Los días transcurrían y, como buen observador, no dejaba de mirar continuamente en mi interior, que era donde me sentía más a gusto. El exterior me parecía superficial y allí no me encontraba a mí mismo como ser. Ahora entiendo, mientras escribo, que los ciclos son para vivirlos y aceptarlos, aunque desde la disconformidad podamos rectificar algunos aspectos. No era fácil, por supuesto, y los que vivisteis aquella época sabréis comprenderme. Pero no debemos rendirnos cuando surgen problemas, porque son obstáculos a superar en nuestra continua y eterna evolución. Mirar atrás no es bueno si nos quedamos anclados en el dolor, como tampoco es bueno mirar al futuro con dolor. Entonces, ¿qué hacer? os preguntaréis. La respuesta es muy sencilla: debemos aprender a vivir el presente eterno.
Una de las cosas que me gustaría explicar es que mis padres, aunque eran católicos, no influyeron para nada en mí, ni en ninguno de mis dos hermanos, en temas religiosos. Mi madre decía que creía en Dios. En cambio, mi padre afirmaba que para él tan sólo la fuerza y la energía del sol nos daban la vida; en cierto modo los dos tenían razón. En nuestra familia, los razonamientos siempre eran de respeto hacia los demás y hacia nosotros mismos.
A los seis años tuve una experiencia tremenda. En aquella época vivíamos en un piso de alquiler muy pequeño y antiguo, donde no había ducha ni agua caliente. (Permanecimos en él hasta que pudimos comprar uno mejor, cuando mi hermano mayor y yo empezamos a llevar un sueldo a casa.) En él ocurrió algo que me marcó profundamente. Era de madrugada; no recuerdo exactamente la hora porque no tenía reloj. Me desperté con mucha sed. Me levanté a oscuras para no despertar a nadie y salí al comedor, del que me separaba una simple cortina.

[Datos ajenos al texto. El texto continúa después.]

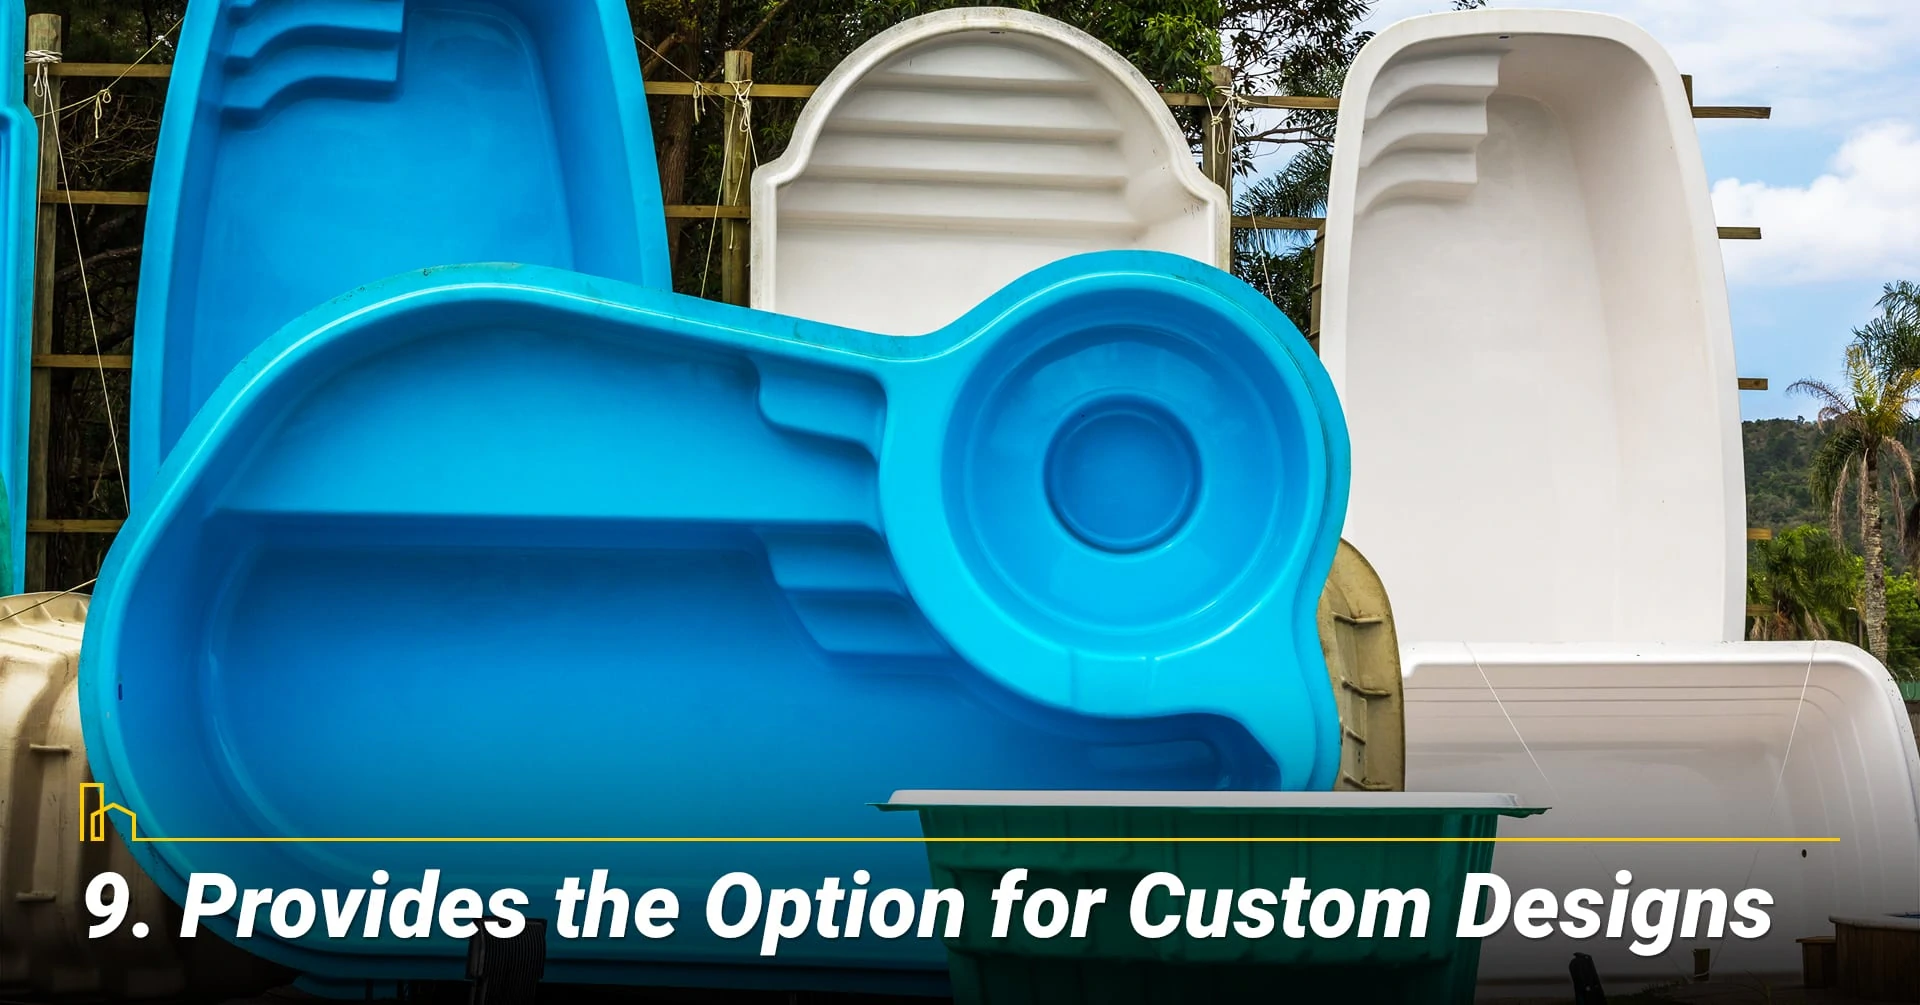 Provides the Option for Custom Designs, there are many options

Después de tomar unos sorbos de gaseosa, regresé a mi cama. Cuando separé la cortina para entrar en la habitación, descubrí con asombro que estaba completamente iluminada y no era por la bombilla del techo, que continuaba apagada.
Era una luz diferente, muy especial, tenue y dorada. Pero lo más curioso e impactante era su origen. He pasado cuarenta años de existencia en este planeta y aún, cuando lo recuerdo, lo sigo viendo como aquel día. Incluso me invade la misma sensación de sorpresa y miedo a la vez, porque aquella maravillosa luz surgía de un cuerpo, situado sobre mi cama; de él emanaban sutiles rayos que iluminaban la estancia.
Como podréis imaginar, acto seguido de ver aquel espectáculo comencé a gritar desesperado, asegurando que en mi cama había un hombre. Mi madre se levantó asustada y encendió la luz del comedor y de la habitación. Lamentablemente, no vio nada parecido a una figura humana. Tras pedirme que me calmara, asegurando que todo estaba en orden, consiguió tranquilizarme y me volví a dormir. Pero nunca en mi vida olvidé aquella aparición. Más adelante os contaré algo al respecto; tan sólo os avanzo que se me volvió a revelar aquel maravilloso ser de luz y amor.
A medida que me hacía mayor, mis inquietudes internas iban creciendo en mi maravilloso pero duro camino de evolución personal. Cada vez me preguntaba más cosas sobre el infierno y el paraíso, dos lugares comunes en nuestro imaginario de entonces. La sociedad de aquella época estaba todavía bajo la influencia de la religión católica que nos había condicionado a una vida llena de pecados, demonios y castigos divinos.
Siempre recordaré lo que me ocurrió en el huerto de mi padre mientras trabajaba con un calor terrible. Era verano, el maizal tenía una gran altura y no corría la brisa. Estaba completamente sudado y agotado, y me senté para descansar un poco. Mientras secaba el sudor de mi cuerpo, tuve una visión de esas que nos vienen a los seres sensibles de vez en cuando. Vi con total claridad que el infierno, tal y como lo describen algunas religiones, no existía. Lo comprendí sin ningún esfuerzo por mi parte; era como si recordase algo que ya sabía.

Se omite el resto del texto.